A raccontare la dinamica è stato anche il consigliere comunale di Arezzo Angelo Rossi, cognato della donna: "Cinzia si sente male, ha delle coliche, nella notte di ieri e alle 8:30 decide quindi di recarsi al pronto soccorso del San Donato dove cominciano a somministrarle antidolorifici - ha scritto in un lungo post su Facebook - alle 11:00 le vengono fatti tutti gli esami inclusa una tac e le viene diagnosticata una pancreatite, di lì passa in giacenza per tutto il resto della giornata e alle 18:30 riceve le visite dei parenti che allarmati per le condizioni di Cinzia ricevono rassicurazioni dei medici che affermano la terranno in osservazione qualche giorno.

Alle ore 20:00, solo un ora e mezzo dopo, Cinzia ha un arresto cardiaco e viene trasferita in rianimazione e dopo un ora riescono a farle ripartire il cuore, le fanno una nuova tac e tentano quindi una disperata operazione intorno alle 23:30. Solo quando la apriranno scopriranno il vero problema, l'intestino si era girato occludendo le arterie e portando oltre al collasso cardiocircolatorio anche la necrosi dell'intestino stesso.
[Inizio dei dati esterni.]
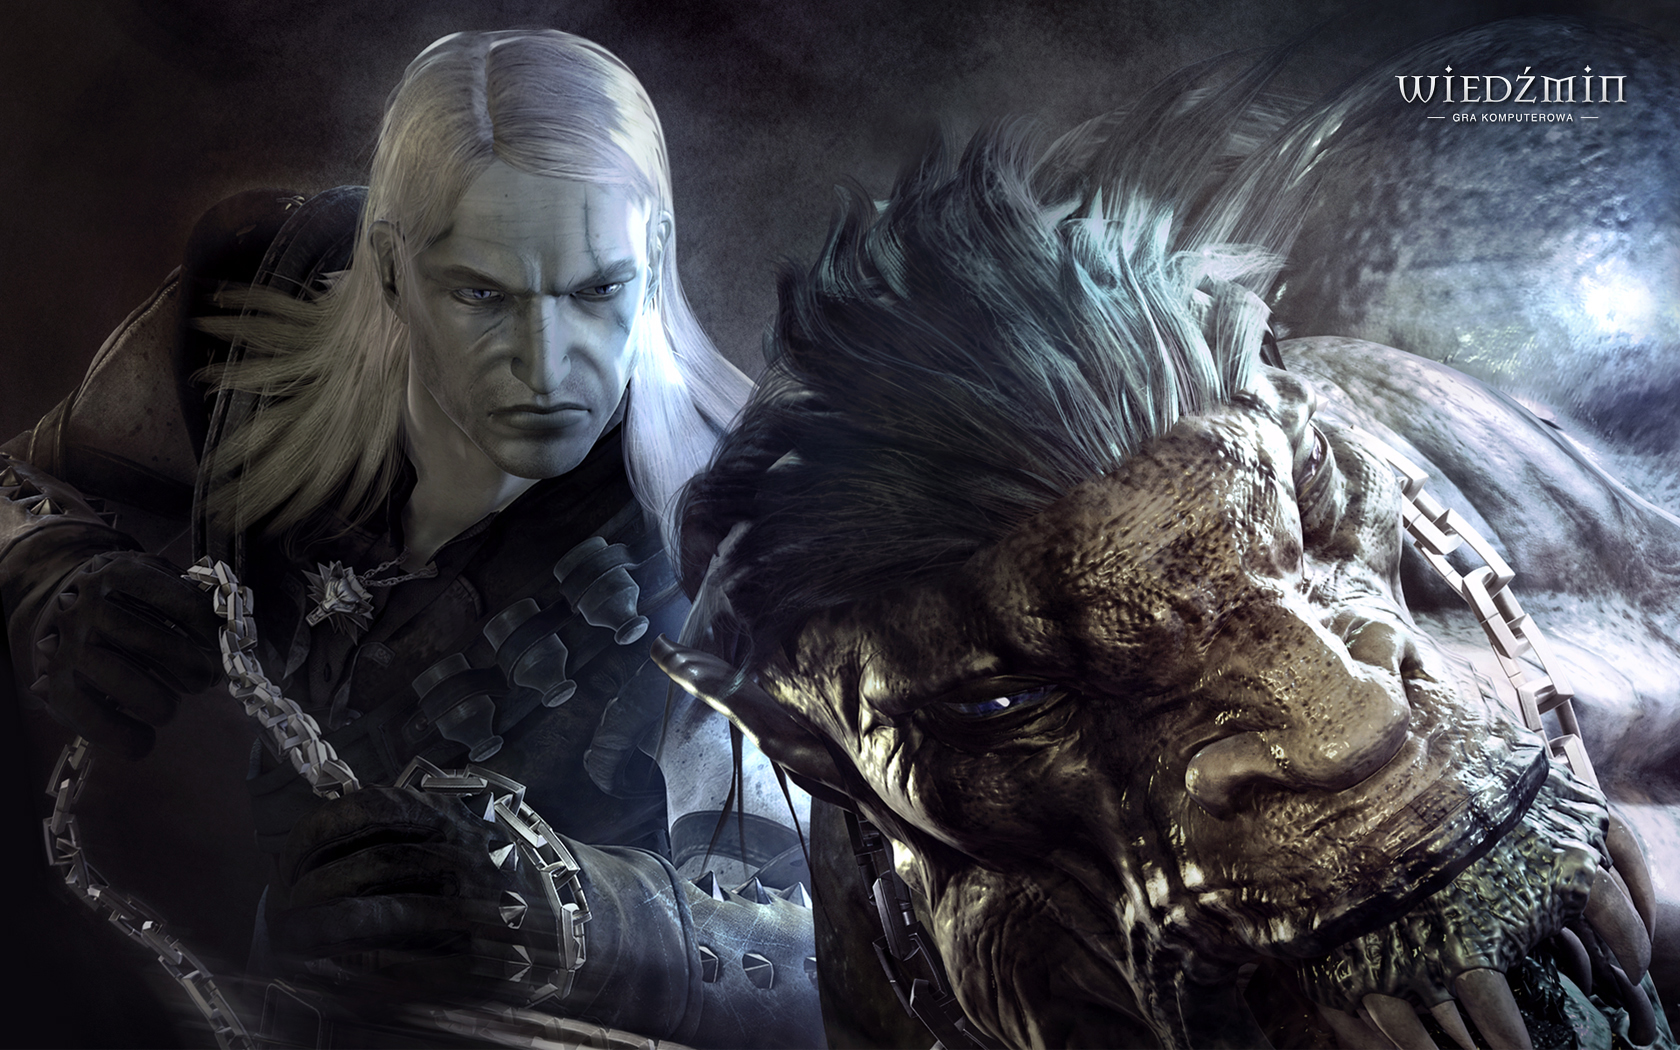 Download HQ The Witcher The Witcher wallpaper / 1680x1050
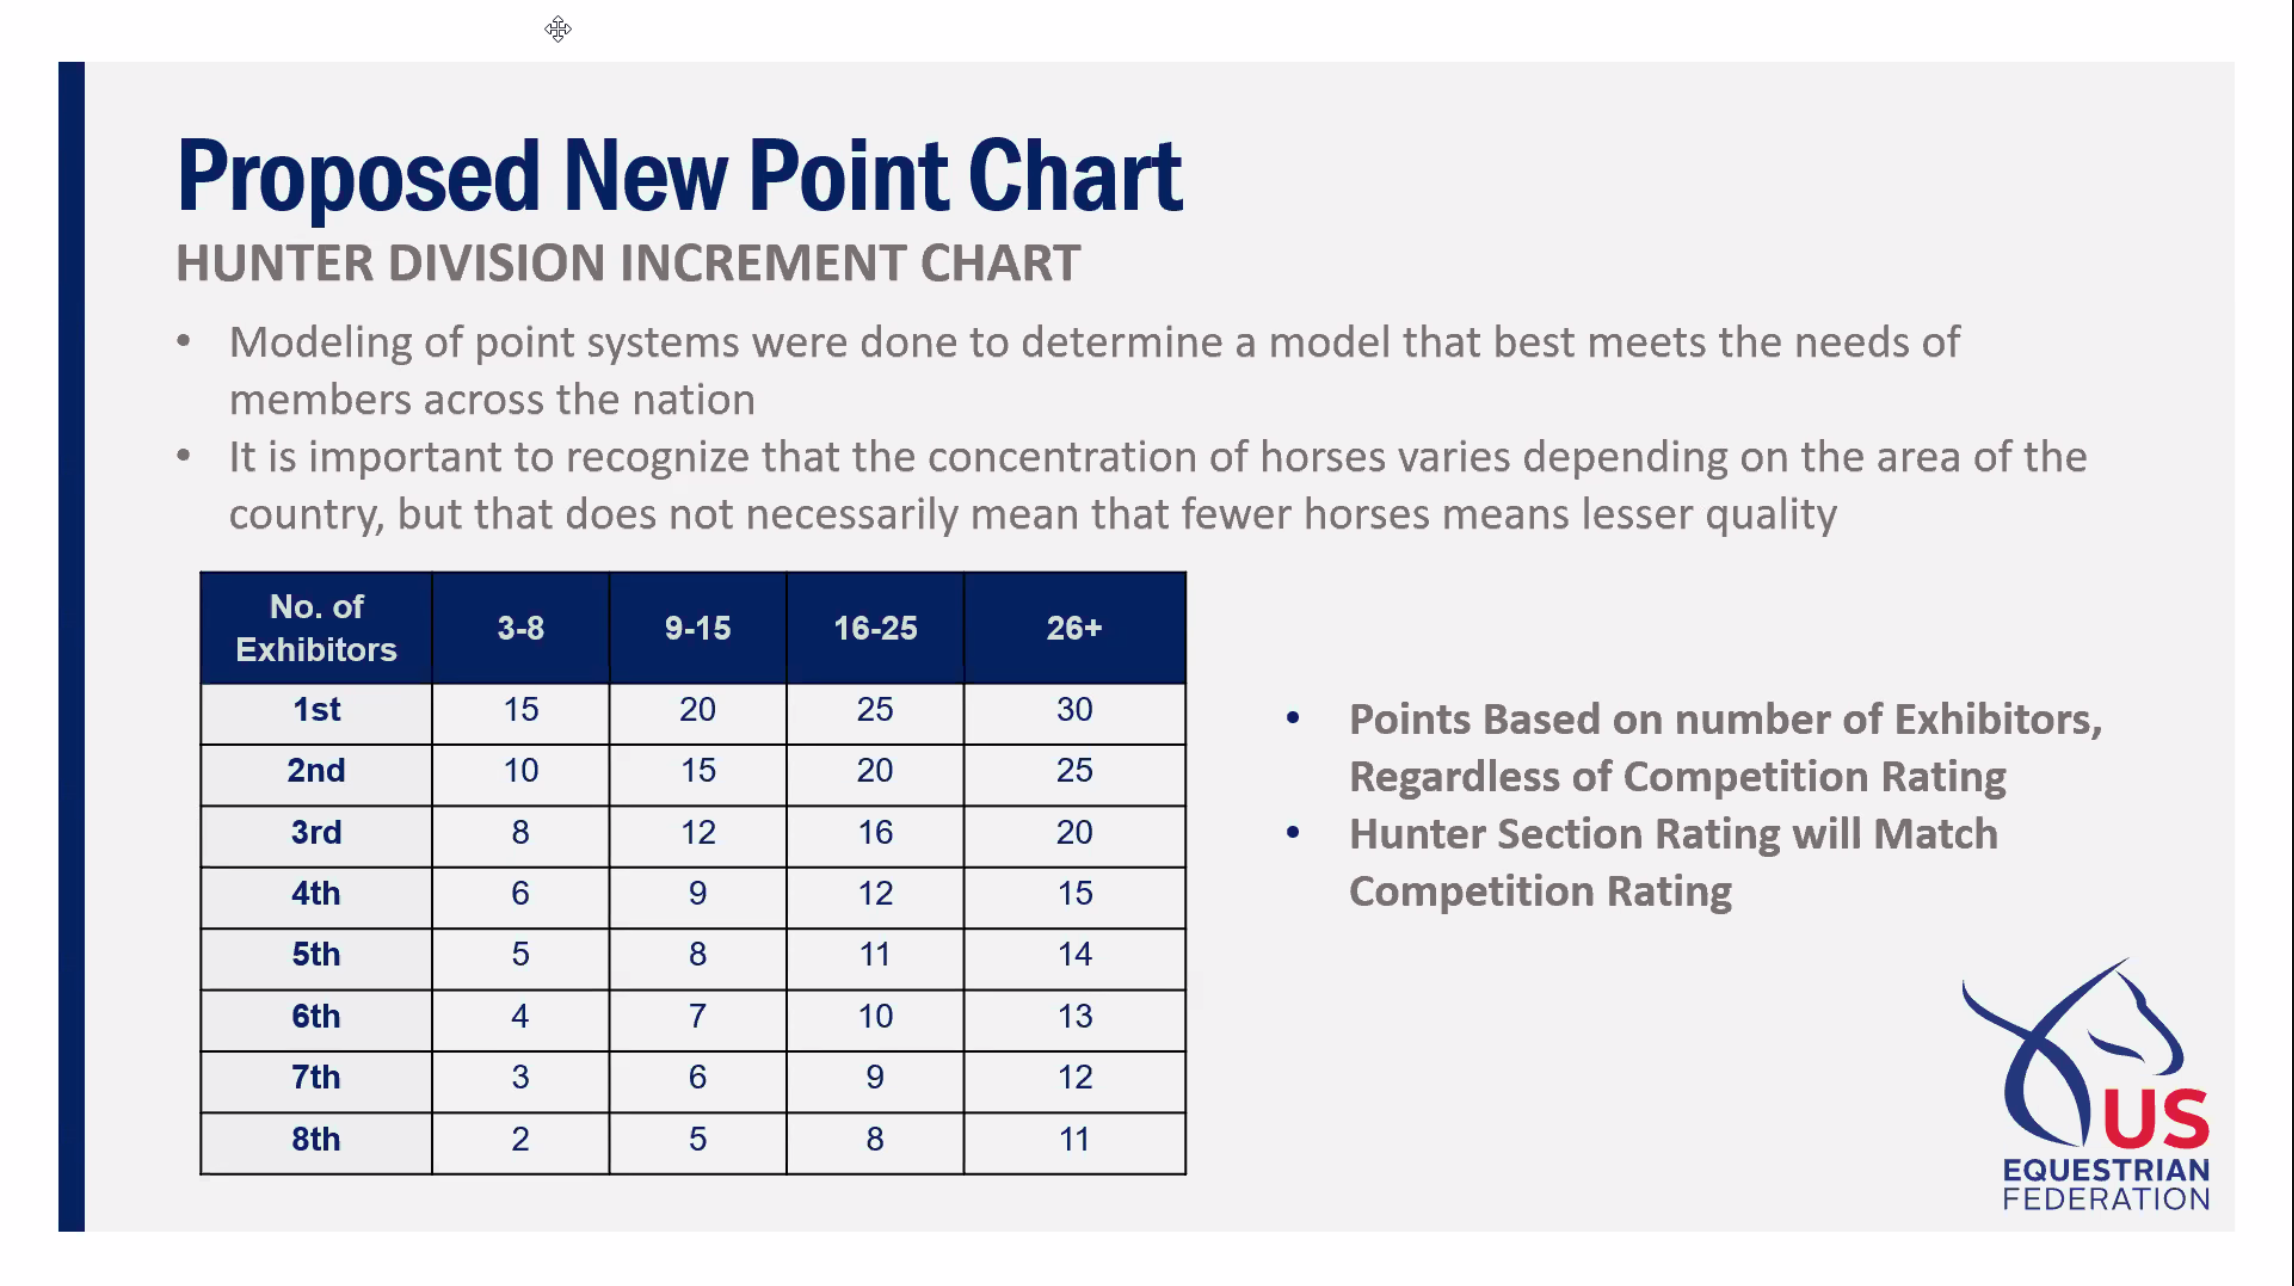 *Proposed new point chart

Al termine dell'operazione il chirurgo ci ha detto che casi come questo ne ha visti 2 in trent'anni, che sono in letteratura ma non fanno certo statistica, come a giustificare chi in precedenza non aveva preso adeguati provvedimenti perdendo ore fondamentali per la sua vita. Non ha fornito molte speranze ma l'ha lasciata aperta nel tentativo senza compressione di far riprendere l'intestino dalla

 necrosi e per evitare ulteriori collassi e se avesse superato la notte avrebbe provato a operarla in mattinata".

L'accertamento autoptico sul corpo della donna verrà eseguito dall'equipe di medicina legale dell'Università di Siena. Intanto la Asl Toscana Sud che aperto un'inchiesta interna su quando accaduto.  "Andremo fino in fondo alla ricerca della verità", ha detto il direttore generale della Asl Enrico Desideri.